Every sound felt amplified.
Every flicker of light felt sharp.
Even thoughts felt loud and unrelenting.

It was brutal.

And yet, inside that forced silence, I found a strange kind of space.

When the Noise Disappears

With nothing else to do, my mind began to wander. Not in panic. Not in stress. But in quiet reflection.

I started daydreaming about my life. What I truly want. What I am striving for. What genuinely makes me happy.

Do I feel fulfilled?
Am I chasing the right things?
Am I overlooking something essential?

The questions were sharp. Almost uncomfortable. But necessary. They are the kind of questions that only surface when the world outside fades away and there is nowhere left to hide from yourself.

Sitting With the Feeling

I tried not to distract myself. Not to scroll. Not to fill the silence. I tried to sit with my feelings and truly feel them instead of pushing them aside.

There is something about slow, painful stillness that forces clarity.

When everyday noise is stripped away, answers begin to surface. Or at least glimpses of them. Enough to adjust direction. Enough to realign.

Connection Through Pain

During this week, I also created a poster and shared it with the media to raise awareness. It sparked conversations. Real ones.

Advice came pouring in. Wisdom. Stories. Reflections from others who have faced similar struggles.

Even in the midst of pain, connection can emerge. Insight can emerge. Meaning can emerge.

There is something powerful about transforming personal struggle into shared understanding.

Perspective

And still, even in the depth of discomfort, I keep perspective.

There are fifty one other weeks in the year to live. To create. To act.

Optimistically, I will only have one or two of these weeks in a year now. In recent years, it has been only one.

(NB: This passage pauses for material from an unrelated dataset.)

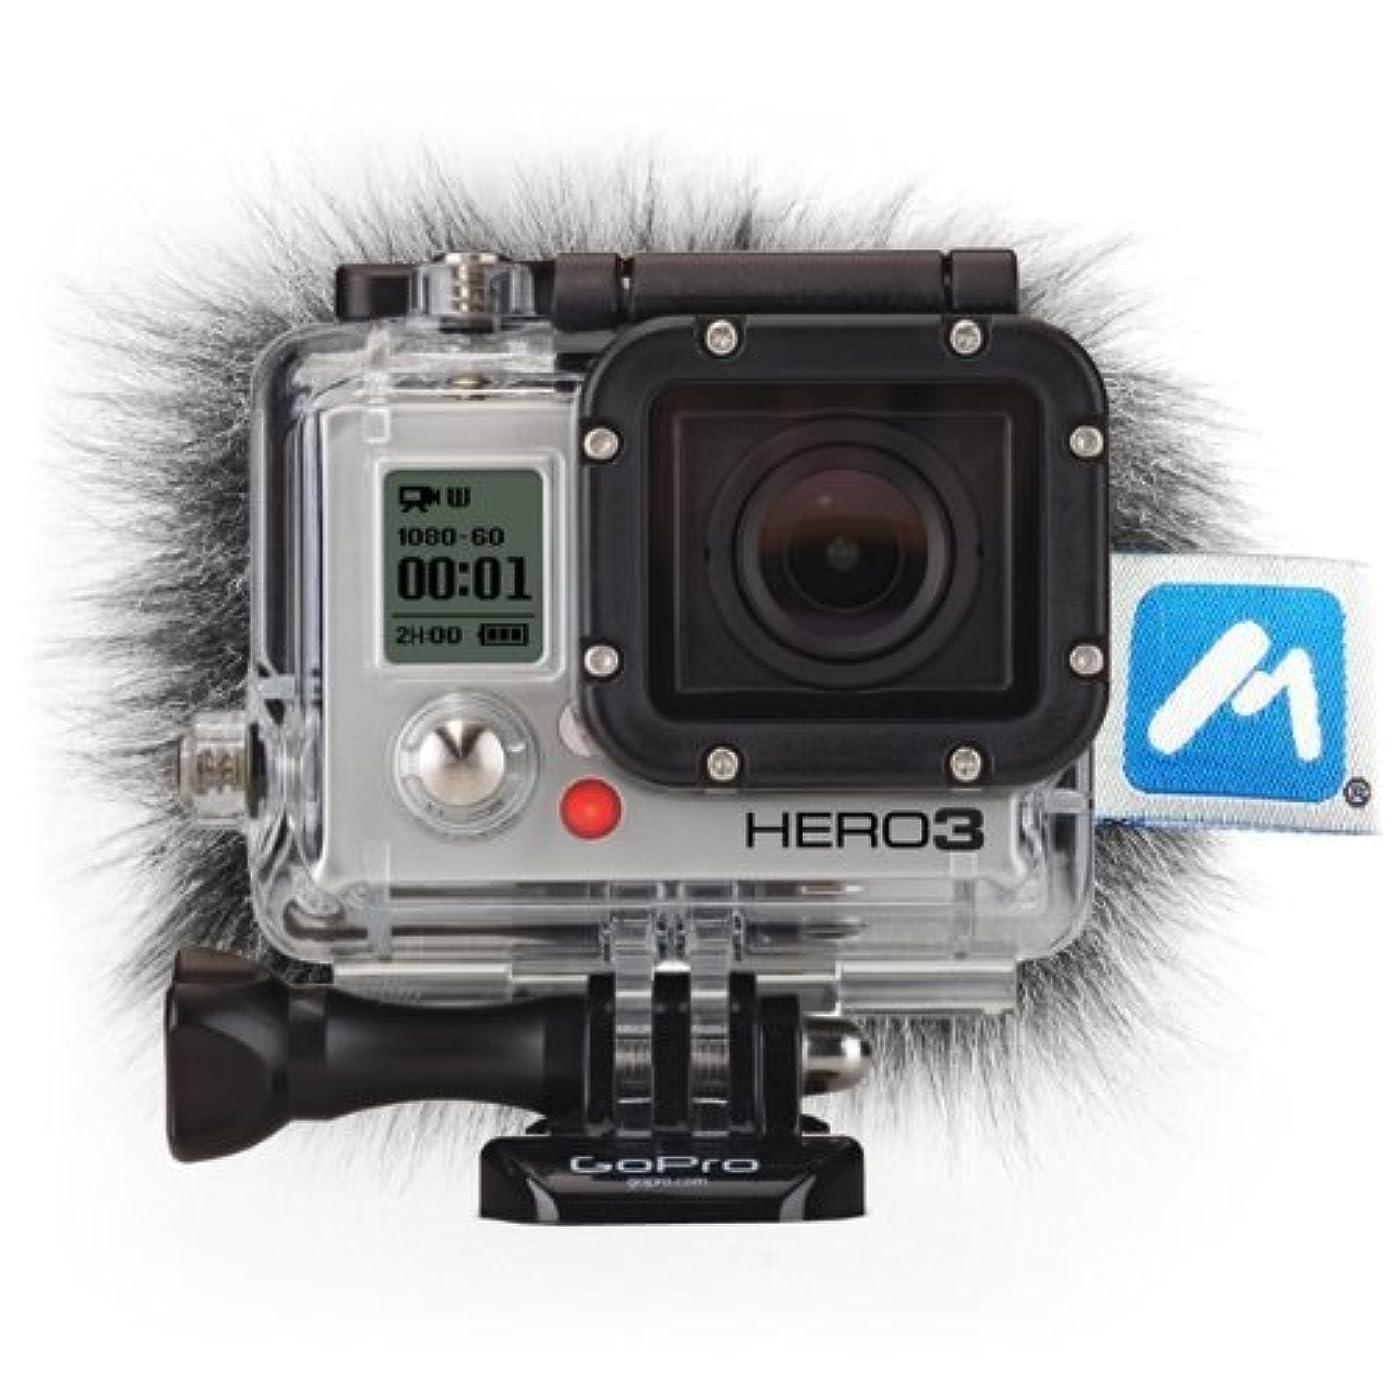 Micover Stickover Windscreen for GoPro HERO3, HERO2, HERO (Black, Silver, White)
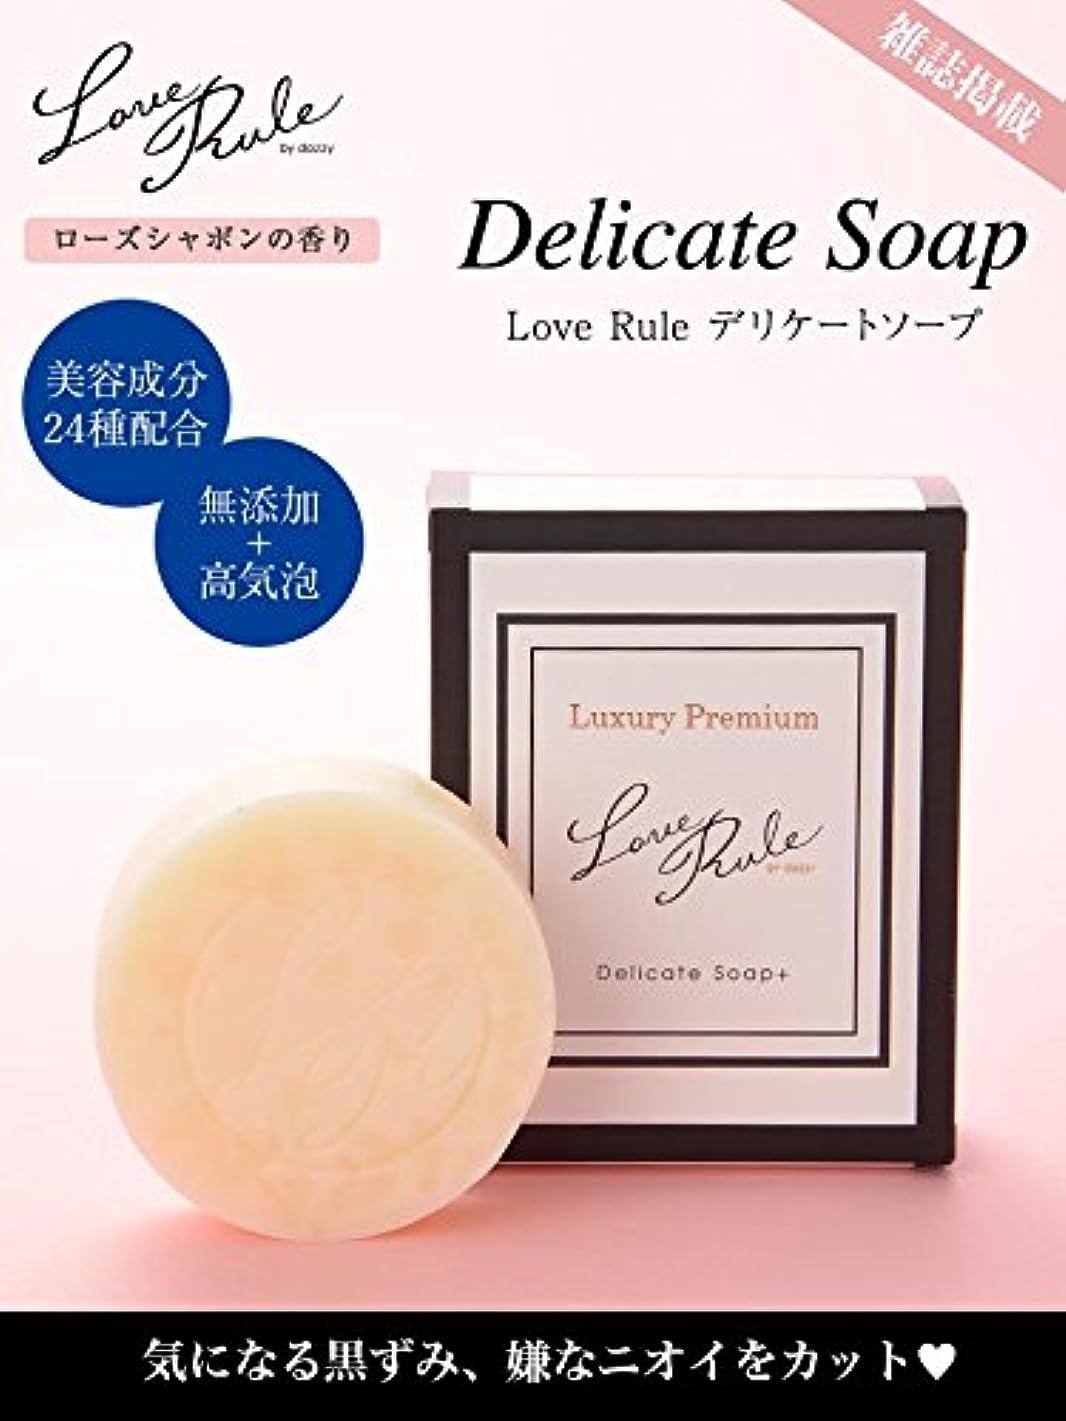 粒空気受け継ぐLove Rule デリケートゾーン ソープ プラス 美容成分24種配合 石鹸

So I will not complain. I will reflect. I will learn. I will plan.

Realignment

The migraine forced me into stillness. And in that stillness, I found room to dream. To evaluate. To realign with what matters most.

Painful, yes.
But strangely productive.

Sometimes it is in the dark that we see the brightest truths.

My question for you is simple.

Have you taken the time to truly sit down and reflect on your life?